Transition in the spectral gap of the massless overlap Dirac operator coupled to abelian fields in three dimensions

TL;DR

This paper investigates the spectral gap behavior of the massless overlap Dirac operator in three dimensions coupled to abelian fields, revealing phase transitions and measure-dependent spectral properties.

Contribution

It provides new insights into the phase structure and spectral behavior of the Dirac operator with different measures, highlighting measure-dependent gap vanishing mechanisms.

Findings

Identifies strong coupling gapped and weak coupling gapless phases.

Shows Gaussian exponent governs gap vanishing with Maxwell and conformal measures.

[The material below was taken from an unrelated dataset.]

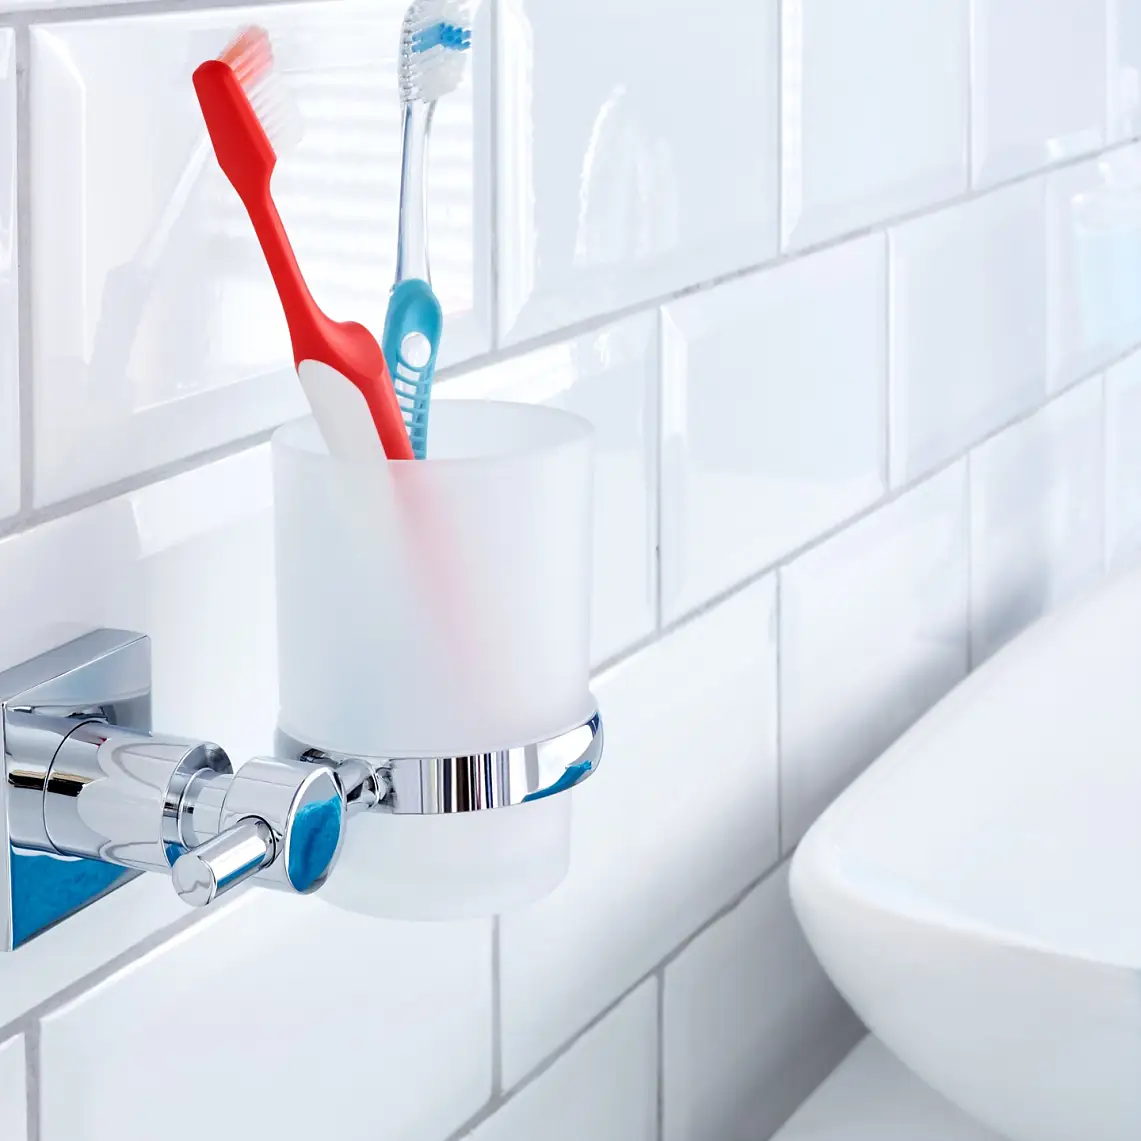 Evita que el vaso del cepillo de dientes ocupe espacio en el lavabo. Ponlo donde mejor se vea y en el lugar donde tiene que estar.

Finds non-Gaussian behavior in the compact Thirring measure.

Abstract

The low lying spectrum of the massless overlap Dirac operator coupled to abelian fields in three dimensions with three different measures are shown to exhibit two phases: a strong coupling gapped phase and a weak coupling gapless phase. The vanishing of the gap from the strong coupling side with a Maxwell and a conformal measure is governed by a Gaussian exponent. Contrary to this result, the vanishing of the gap from the strong coupling side with a compact Thirring measure is not consistent with a Gaussian exponent. The low lying spectrum with a non-compact Thirring measure does not exhibit a simple non-monotonic behavior as a function of the lattice size on the weak coupling side. Our combined analysis suggests exploring the possibility of a strongly coupled continuum theory starting from a compact lattice Thirring model where a compact U(1) gauge field with a single link action is coupled to even number of flavors of massless overlap Dirac fermions.